# Question - prop for 25 hp Yamaha



## FishWalton (Jul 22, 2010)

I'm hard on props since I fish the river and sloughs back in the swamp. I usually buy a couple of Yamaha brand props a year or have them rebuilt due to bent blades. 

Have been considering trying a Solas Amite prop and was wondering if any of you have had experience with this brand. The price is considerably cheaper than Yamaha, but switching to Solar might be a case of getting what you pay for.

Would appreciate some opinions.

Also, I notice Solas has a 4 blade prop that will fit my 2006 Yamaha 25 hp, 2 stroke. Don't know a thing about 4 blade props so would appreciate any comments of a 4 blade.


----------



## Donut slayer (Jan 16, 2009)

From my experience, solas props are good ones. Here is the advantages/disadvanteges of 4 blade vs 3 blade:
3-blades provide good "hole shot" and top-speed performance. Compared to 3 blades, 4-blade boat props provide better "hole shot" performance with less steering torque and less vibration at high speeds.
When switching from 3 to 4-blades, generally a 1" pitch decrease is required. So, a 21" pitch 3-blade is replaced with a 20" pitch 4-blade. Pitch is increased when switching from 4 to 3-blades. 3 blades will lift the bow of the boat where as 4 blades lift the stern. This causes the boat to plane quicker. Flats boats or boats that are used in skinny water benefit from this. Nothing else changed, 4 blades are said to be slightly slower than 3. Like 1-2 mph. But every boat is different and I've heard of people not losing any speed when going to a 4 blade.


----------



## CB541 (Jul 20, 2013)

Good friend of mine is a Yamaha mechanic and says the Solas props are as close to stock Yamaha's props as you can get and a lot cheaper.
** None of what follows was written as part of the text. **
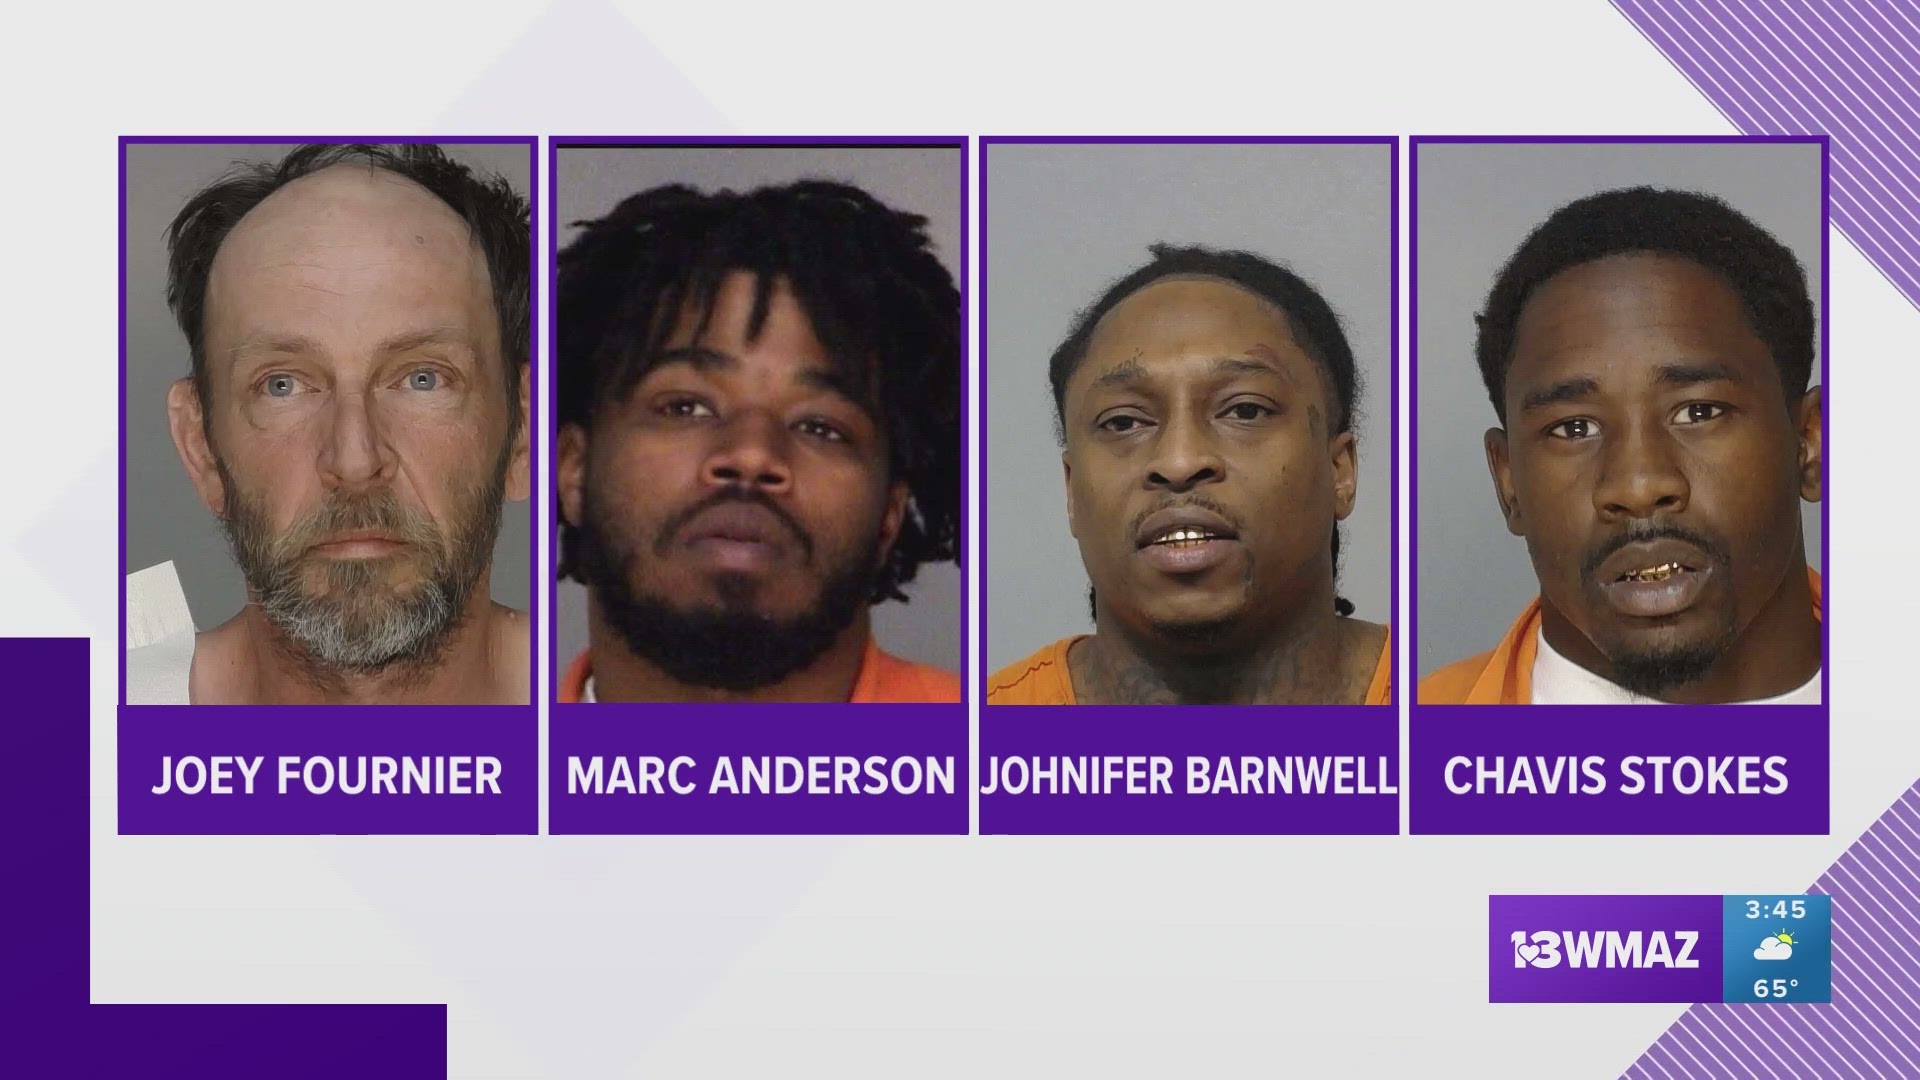 The four men include an accused murderer, one held for the U.S. Marshals, one accused of aggravated assault and another held for drug trafficking.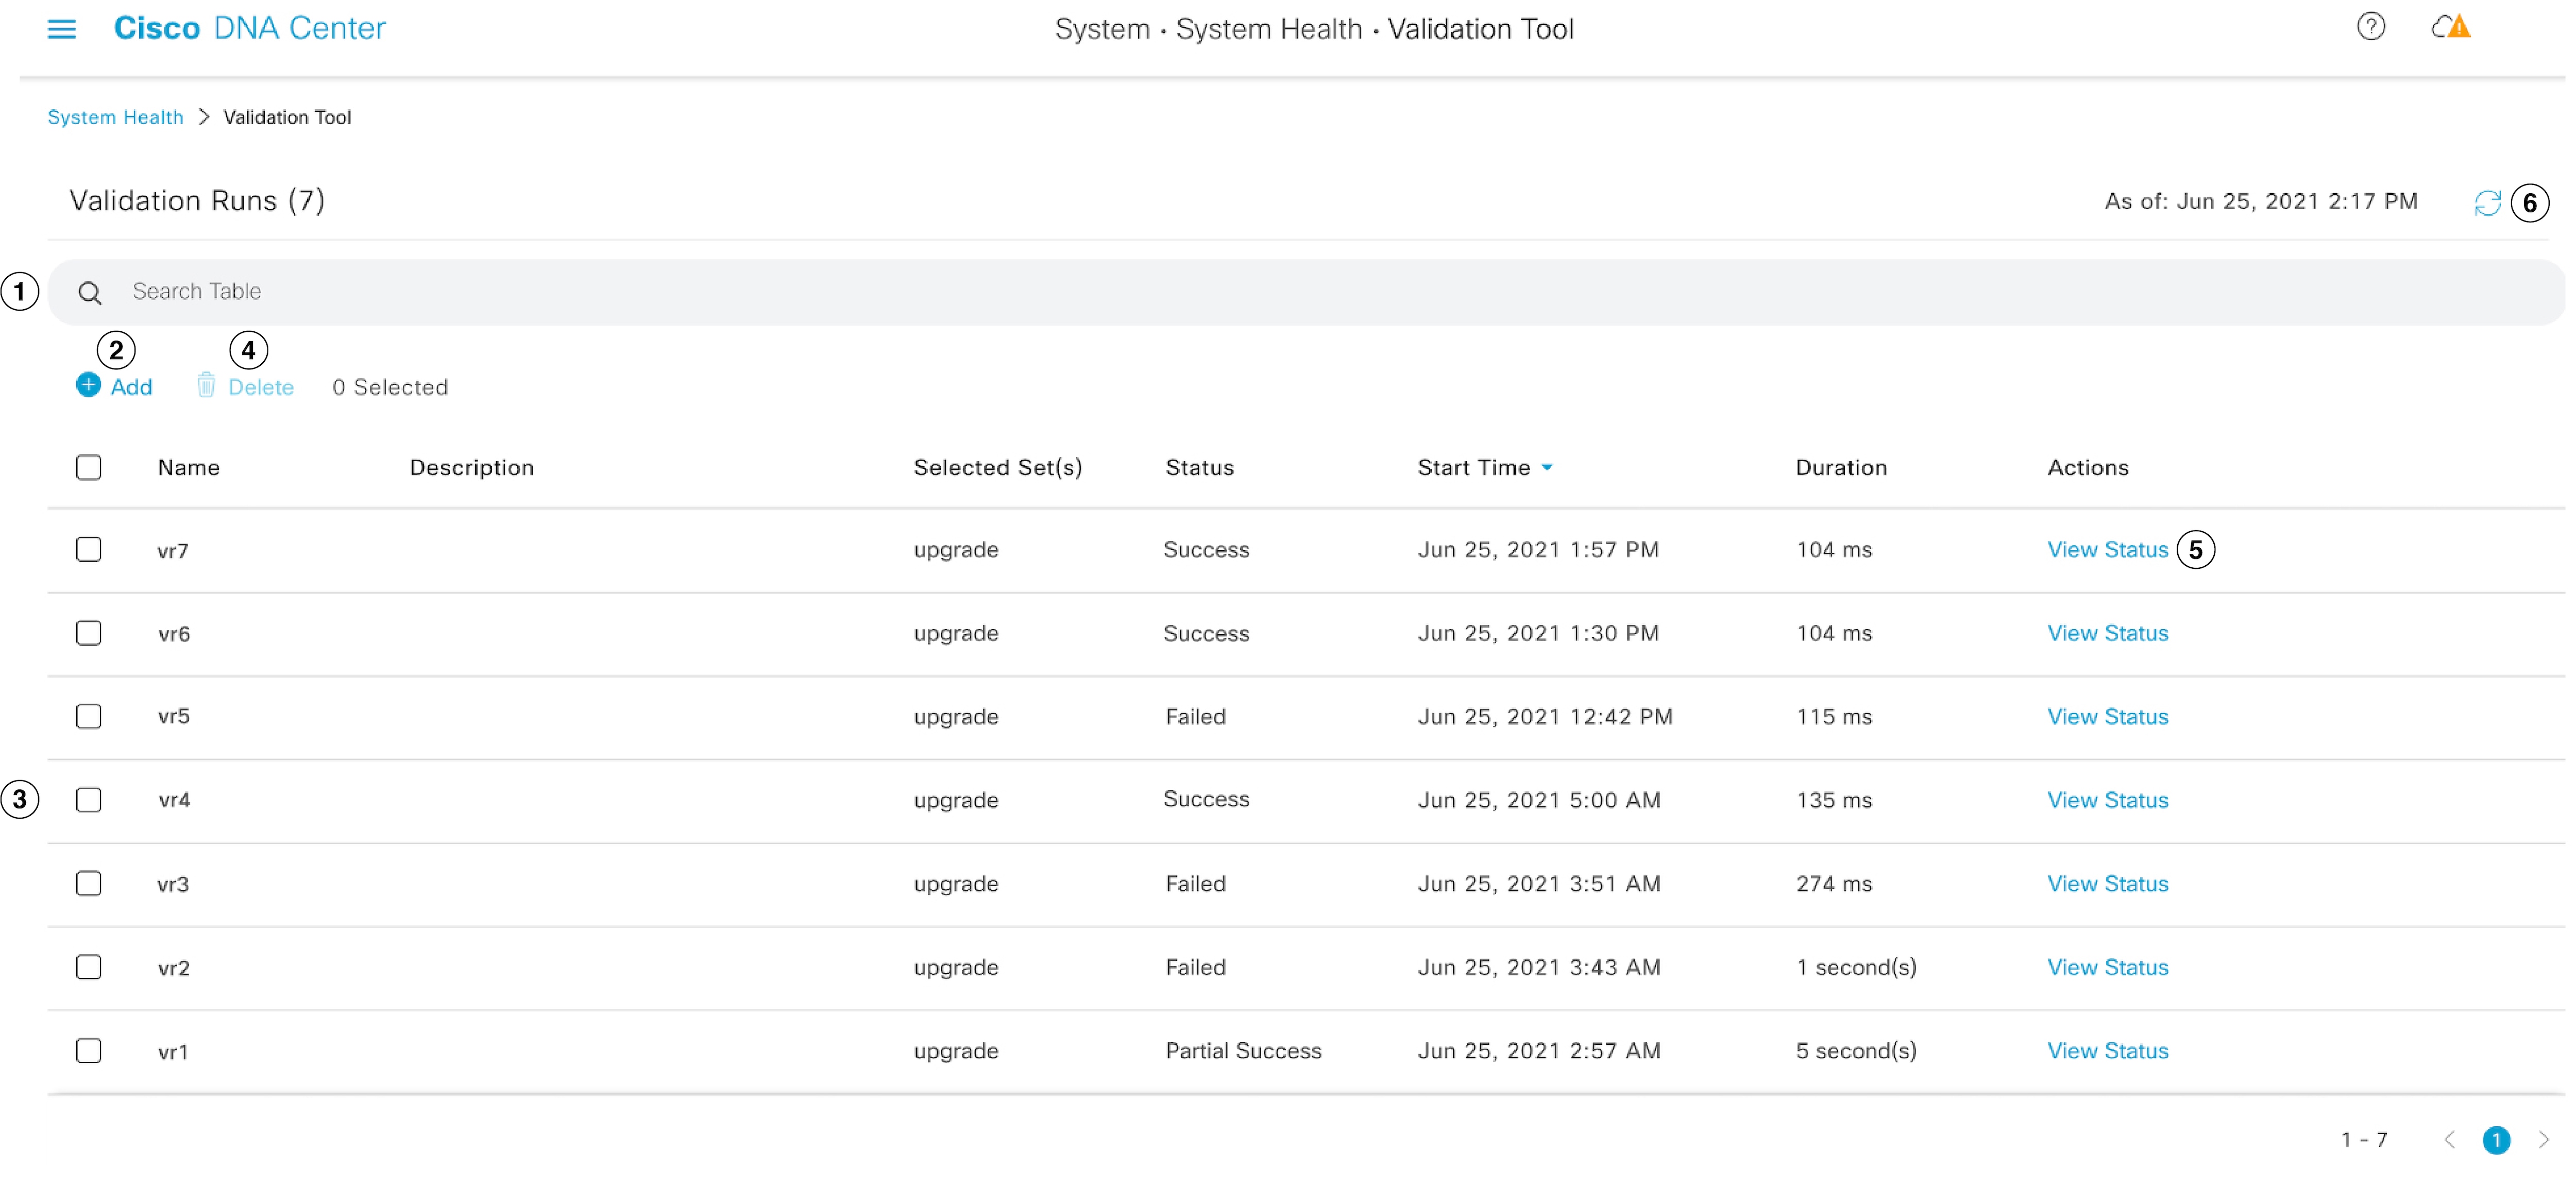 Content of Validation Tool page when the validation run information is available

I have had several with no issues.


----------



## FishWalton (Jul 22, 2010)

Thanks a lot guys for your comments. I think I will order a Solas and give it a try. Will hae to think about a 3 blade or 4 blade


----------



## kanaka (Oct 3, 2007)

I know you tend to stump jump so I guess the question is, when you're getting the prop repaired, do you want to pay for service on 3 blades or 4??:whistling:


----------



## FishWalton (Jul 22, 2010)

Hmmmm....you make a point! Had not thought about that.


----------



## delta dooler (Mar 6, 2008)

I tried a 4 blade on my Merc 40 , I lost 6 mph, went back to 3 blade, may not be the case for most rigs, but it sucked on mine.


----------